= Integrational theory of grammars =

The integrational theory of grammars is the theory of linguistic descriptions that has been developed within the general linguistic approach of integrational linguistics.

==Overview==
Differently from most other approaches in linguistics, integrational linguistics emphasizes a distinction between theories of language and theories of language descriptions. Integrational linguistics has, therefore, developed both a general theory of language, the integrational theory of language, and a theory of linguistic descriptions.

In integrational linguistics, a description of a language is understood as a theory (formulated by the linguist) of the language; similarly, for descriptions of varieties or individual idiolects. Traditionally, grammars are most important among such descriptions, which also include descriptions of (parts of) the variety structure of a language, such as a description of a language's development in time or distribution in geographical space. "Grammar" is here used in a broad sense, covering not only morphological and syntactic but also phonological and semantic descriptions. A description of the lexicon, i.e. a dictionary, is again construed as a theory of its object (Drude 2004). Since the integrational theory of grammars deals with the relation between language descriptions and their objects, it presupposes both the integrational theory of linguistic variability and the integrational theory of language systems.

On an IL view, grammars have three fundamental properties:

1. Ideally, they are empirical axiomatic theories. IL does not propose to replace traditional, non-axiomatic grammars by axiomatic theories. Rather, an axiomatic format for grammars is seen as an ideal reference-point for non-axiomatic, declarative grammars that allows for a more stringent formulation of such grammars, a formulation that avoids inconsistencies and circularities without having explicit resort to axiomatization. The empirical basis of grammars is ultimately seen in acts of communication on the one hand and mental states and events on the other: it is such acts or states and events that directly or indirectly provide the data for a grammar.
2. Grammars are to be formulated so as to account for language variability both within and between languages, i.e., they must presuppose a theory of linguistic variability.
3. They are formulated "in terms of" a theory of language: a grammar includes terms, definitions, assumptions, and theorems from a theory of language that is presupposed in the grammar. These are used in the grammar (i) to provide descriptive terms for categories and other entities of the language under description, and (ii) to interact with terms, definitions, assumptions, and theorems that are specific to the grammar.
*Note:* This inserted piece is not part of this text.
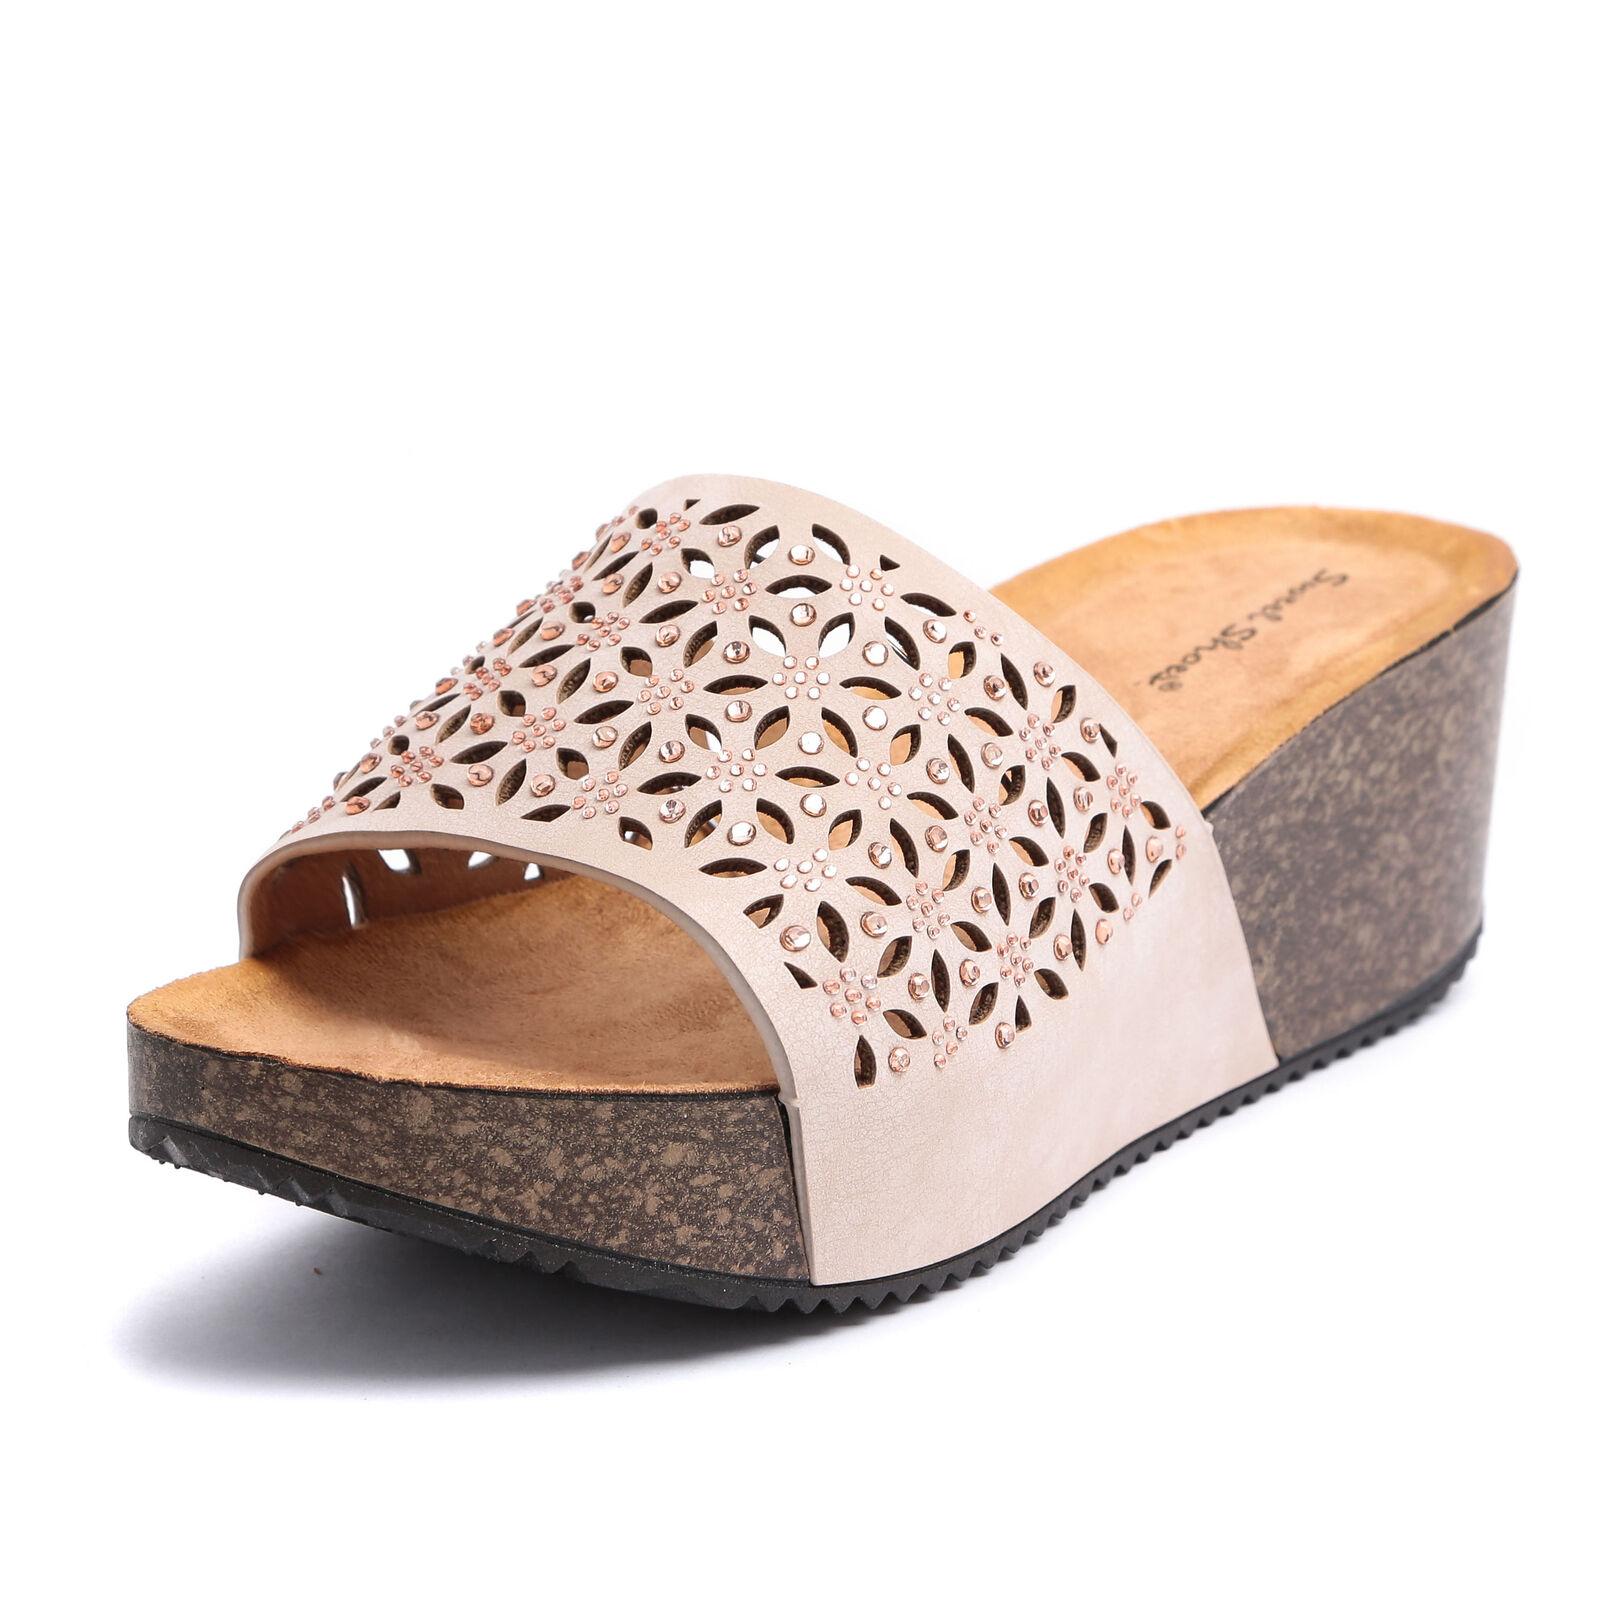 dal costo ragionevole colore attraente sconto speciale di Scarpe donna ciabatte zeppa sughero flatform sandali eco pelle ...

Typically, the axioms and theorems of a grammar of a language or language variety are formulated as universal implications over the systems of the idiolects in the given language or variety. For example, a traditional statement on a language variety, such as

hack "taxi" is a noun in Colloquial American English.

is construed as equivalent to

For all S: If S is a system of some element of Colloquial American English, then <hack, "taxi"> is an element of Noun-of-S.

which may be a sentence of a grammar that contains "Colloquial American English" as an axiomatic constant, denoting a certain subset of English.

Generally, an integrational grammar is not an algorithm but a "declarative" theory: its formulae have the form of statements; thus, the grammar's axioms and theorems can be understood directly as statements on the language, variety or idiolect described by the grammar. Excepting the language needed for formulating the semantic part of a grammar, integrational grammars may be formulated using an appropriate version of set theory.